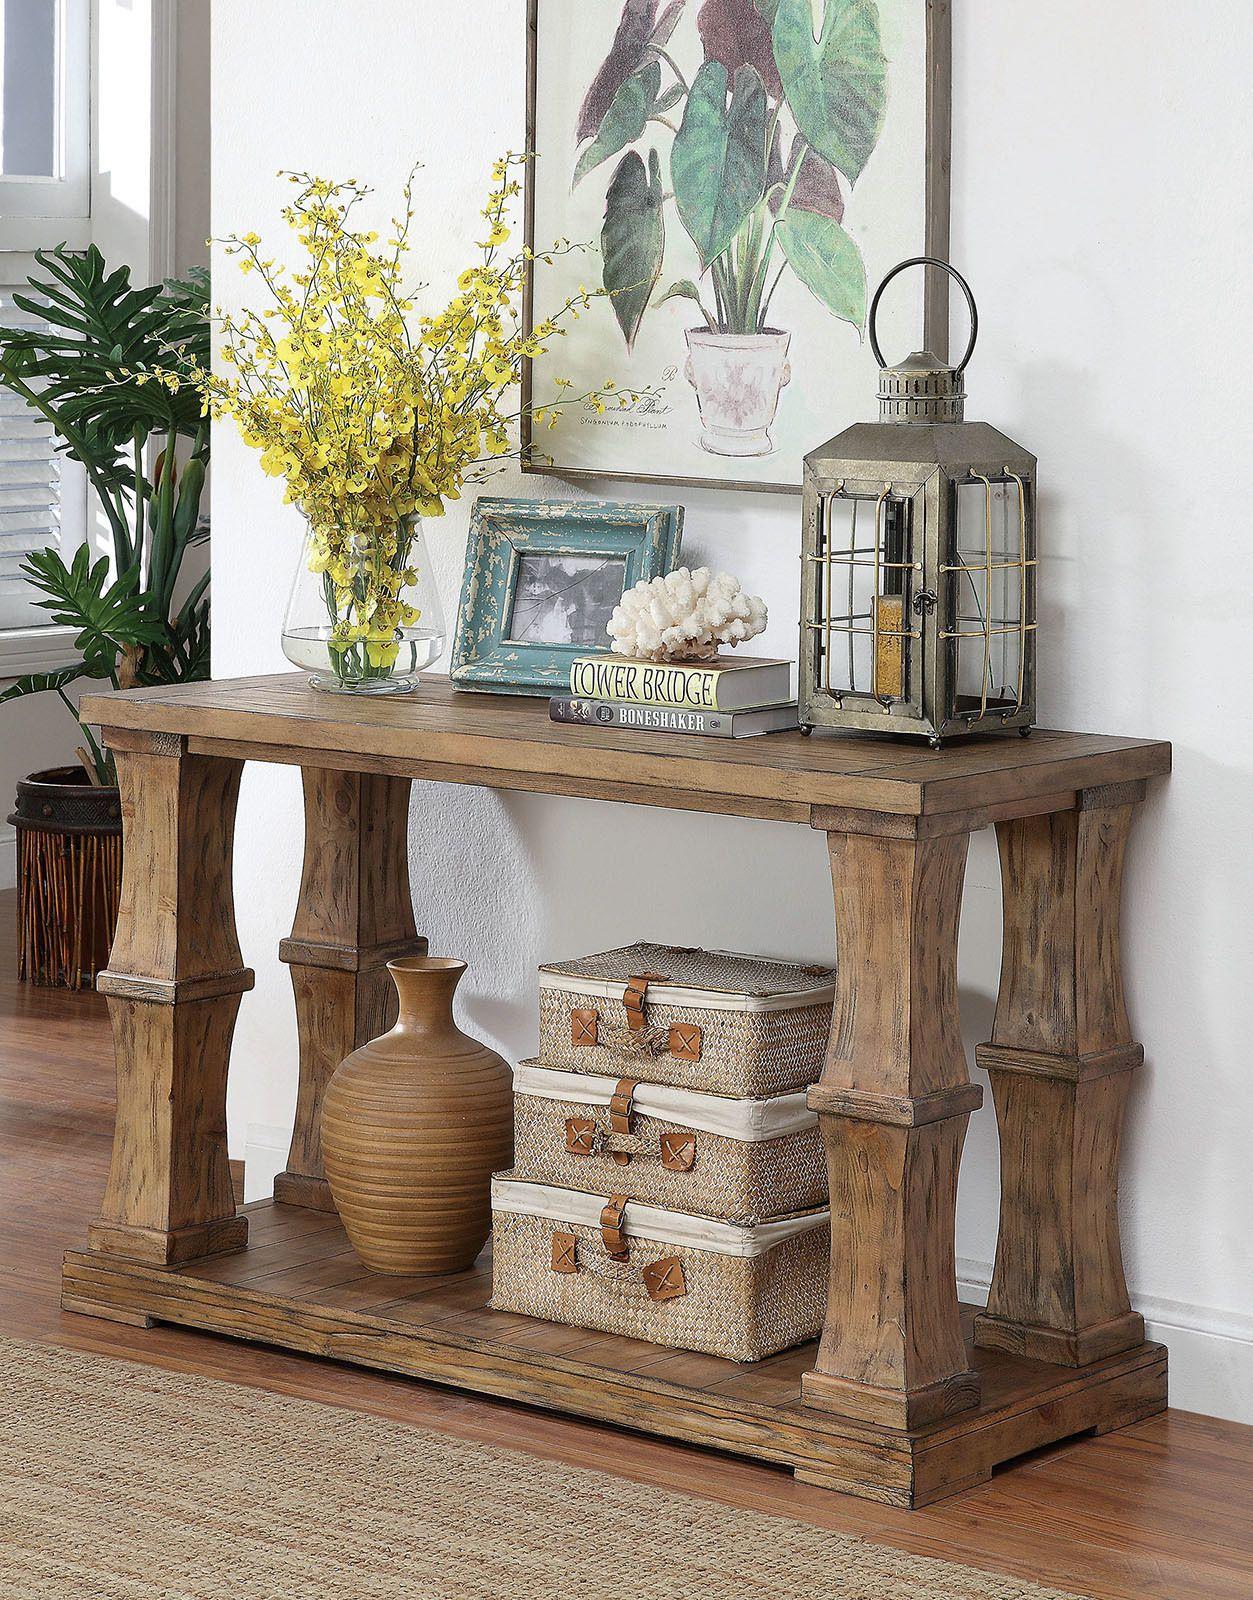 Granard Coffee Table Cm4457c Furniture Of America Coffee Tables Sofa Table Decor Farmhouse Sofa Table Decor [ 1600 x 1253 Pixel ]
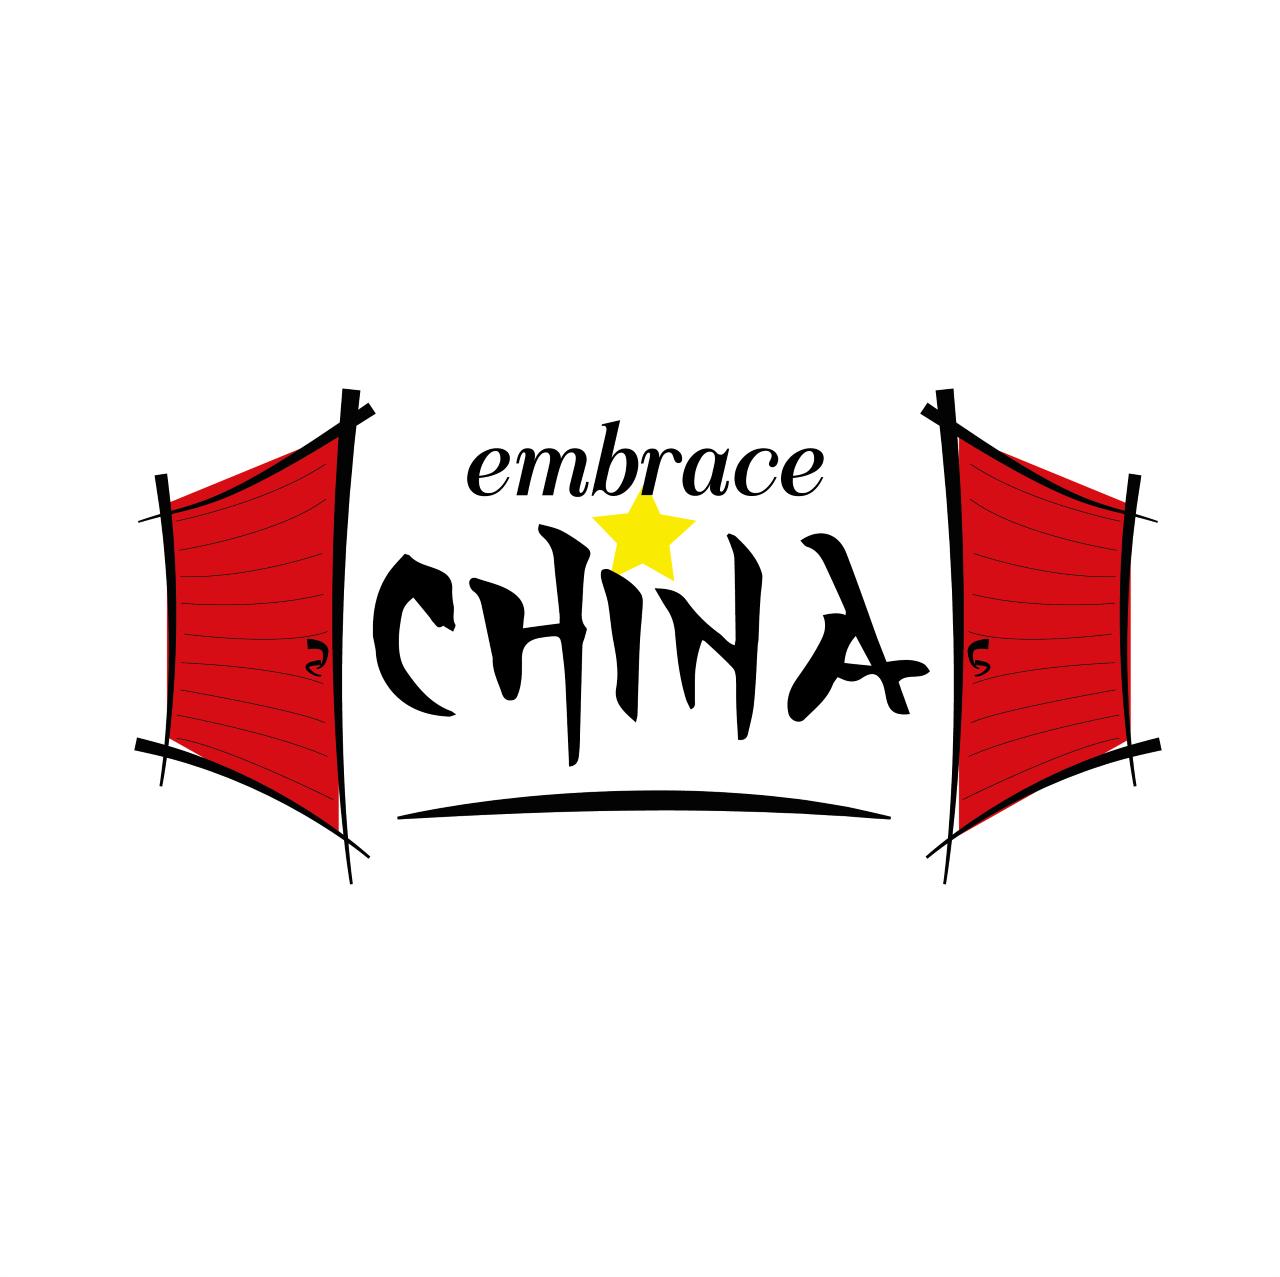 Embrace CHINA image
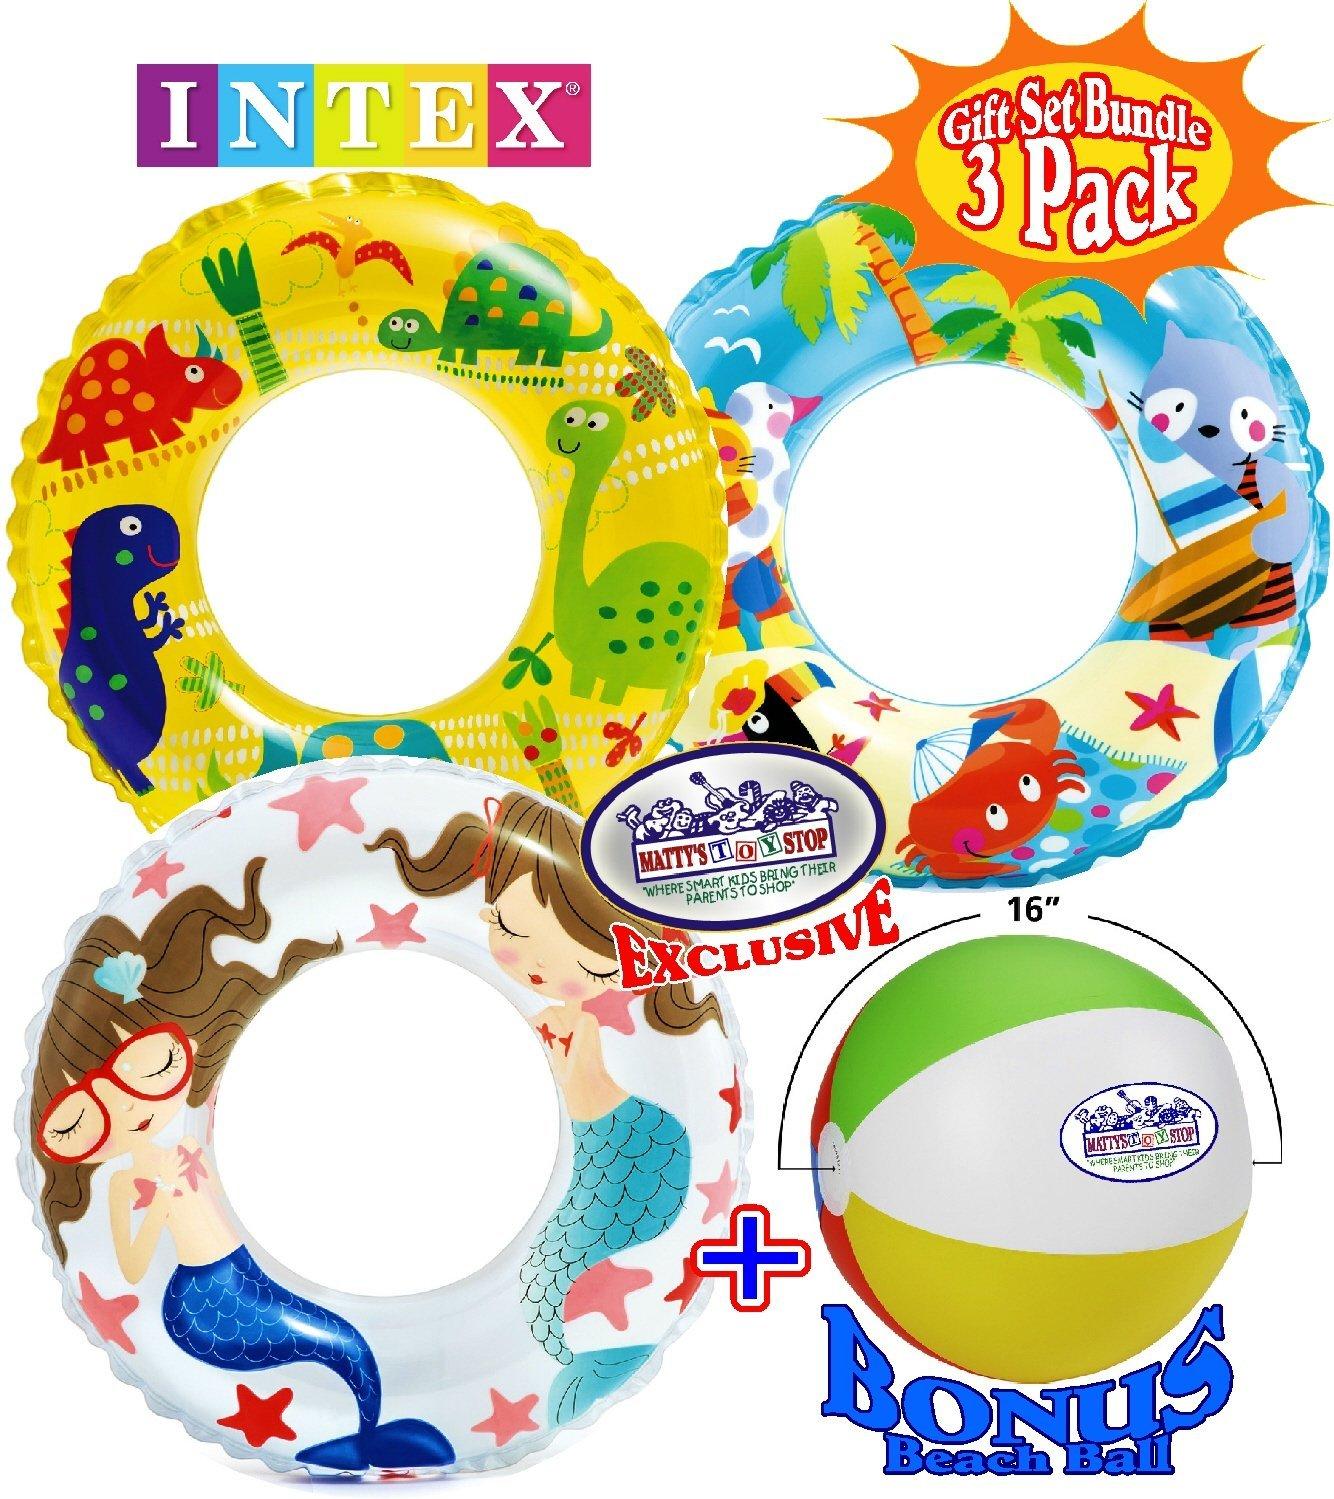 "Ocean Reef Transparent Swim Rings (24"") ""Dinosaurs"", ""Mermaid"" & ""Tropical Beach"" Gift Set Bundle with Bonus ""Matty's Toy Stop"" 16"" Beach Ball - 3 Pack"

- - - -

■ **What you will do**:
Your task is to repeat the data above exactly while excluding the pictures.

■ **Finished exercise**:
 Granard Coffee Table Cm4457c Furniture Of America Coffee Tables Sofa Table Decor Farmhouse Sofa Table Decor [ 1600 x 1253 Pixel ]
 Embrace CHINA image
 "Ocean Reef Transparent Swim Rings (24"") ""Dinosaurs"", ""Mermaid"" & ""Tropical Beach"" Gift Set Bundle with Bonus ""Matty's Toy Stop"" 16"" Beach Ball - 3 Pack"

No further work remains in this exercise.